Uncertainty also creates opportunities:
- High-uncertainty parameters are opportunities for experiments—resolving the uncertainty through a geo-test may have high ROI itself
- Low-uncertainty parameters need less validation—you can act more quickly on robust estimates
- Portfolio effects matter—you can diversify across channels where you're uncertain
Experiments (geo-holdouts, incrementality tests) should be considered when:
- Uncertainty is high for a channel that matters. If credible intervals are wide and the channel represents significant spend, an experiment may have high ROI.
- You're considering a major budget change. Moving 20% of budget based on an estimate with wide uncertainty is risky; an experiment de-risks the decision.
- The model result is surprising. If the model says a historically strong channel is underperforming, validation provides confidence before acting.
- Stakeholders need conviction. Sometimes the issue isn't statistical uncertainty but organizational buy-in; experiments create shared evidence.
📊 Interactive: When to Experiment
Experiments are typically not needed when:
- Credible intervals are narrow and entirely above/below decision thresholds
- The decision is easily reversible
- The channel is small relative to total spend
- An experiment is logistically infeasible or too expensive relative to the decision value
Experiments and Models are Complementary
Experiments don't replace models—they validate and calibrate them. A model can answer questions about channels that weren't experimented on, predict effects at spend levels not tested, and generate hypotheses for future experiments. But periodic experimental validation is what keeps models grounded in reality.

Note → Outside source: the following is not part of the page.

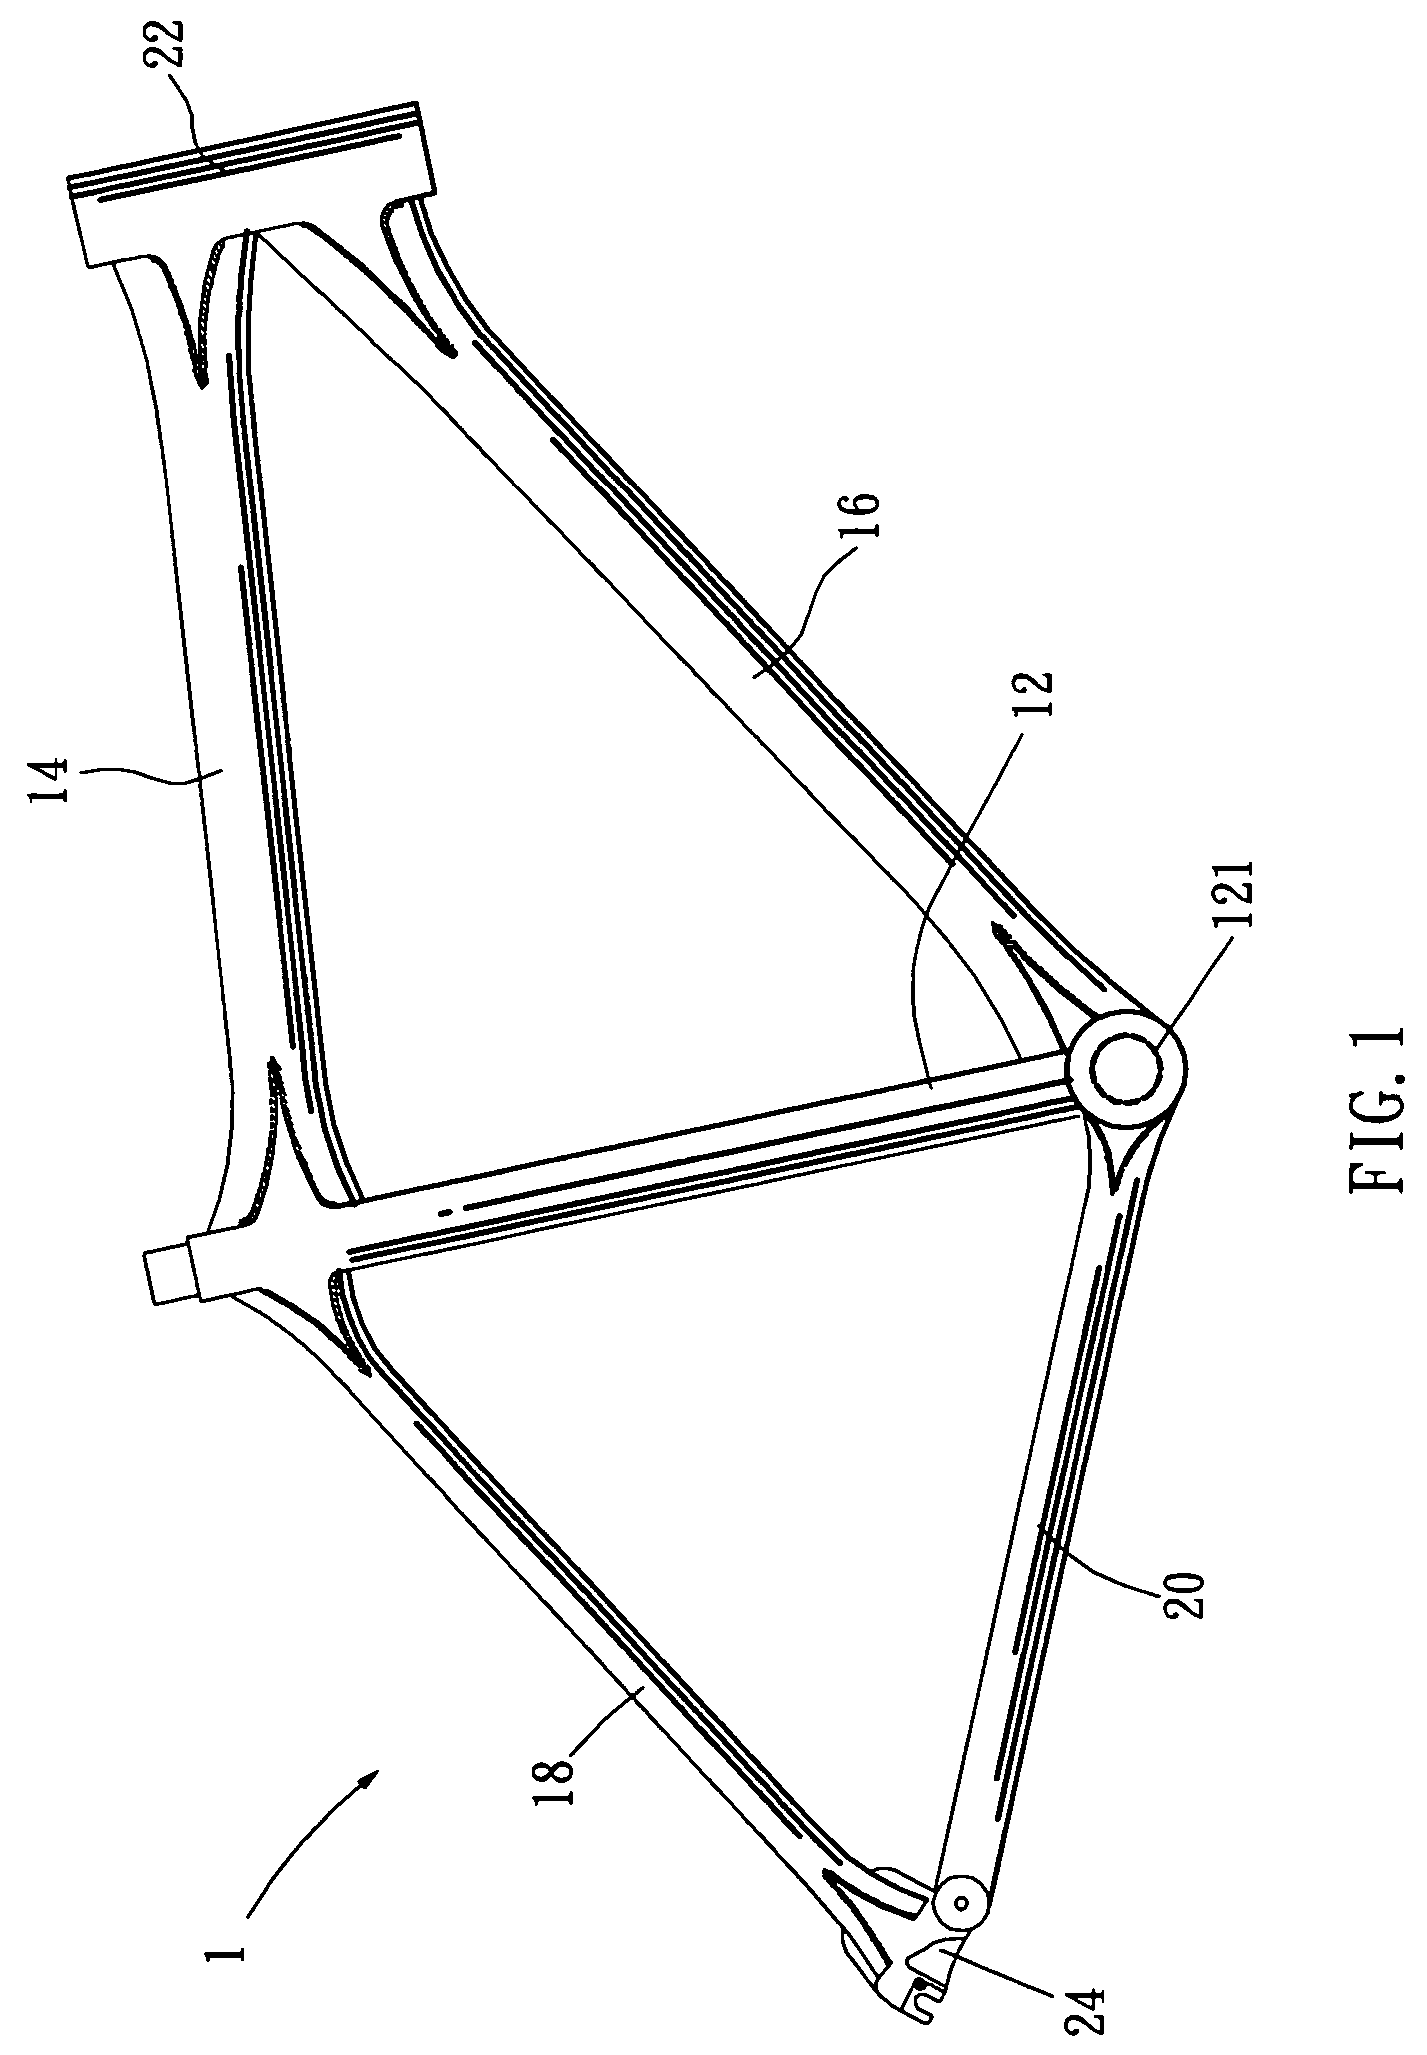 Tube connection assembly of bicycle frame

Different approaches make different tradeoffs. Here's how to think about the major distinctions:
| Approach | Uncertainty | Prior Knowledge | Specification |
|---|---|---|---|
| Traditional OLS | Understated | Not incorporated | Often shopped |
| Ridge/LASSO | Bootstrap only | Ad-hoc penalties | Often shopped |
| Bayesian (this framework) | Full posterior | Principled priors | Pre-specified |
Key questions to ask about any MMM methodology:
- Do they report credible/confidence intervals? Point estimates alone are incomplete.
- How are specifications chosen? If it's "we tried several and picked the best," that's specification shopping.
- Is there validation? Do model predictions ever get tested against experiments?
- How is domain knowledge incorporated? Formal priors vs. ad-hoc constraints make a big difference.
- What happens with negative coefficients? If they're always "fixed," ask how and why.
Framework Features
This framework is designed from the ground up to enable honest measurement:
- Full Bayesian inference via PyMC provides genuine posterior distributions, not just point estimates. Every parameter has a complete uncertainty distribution.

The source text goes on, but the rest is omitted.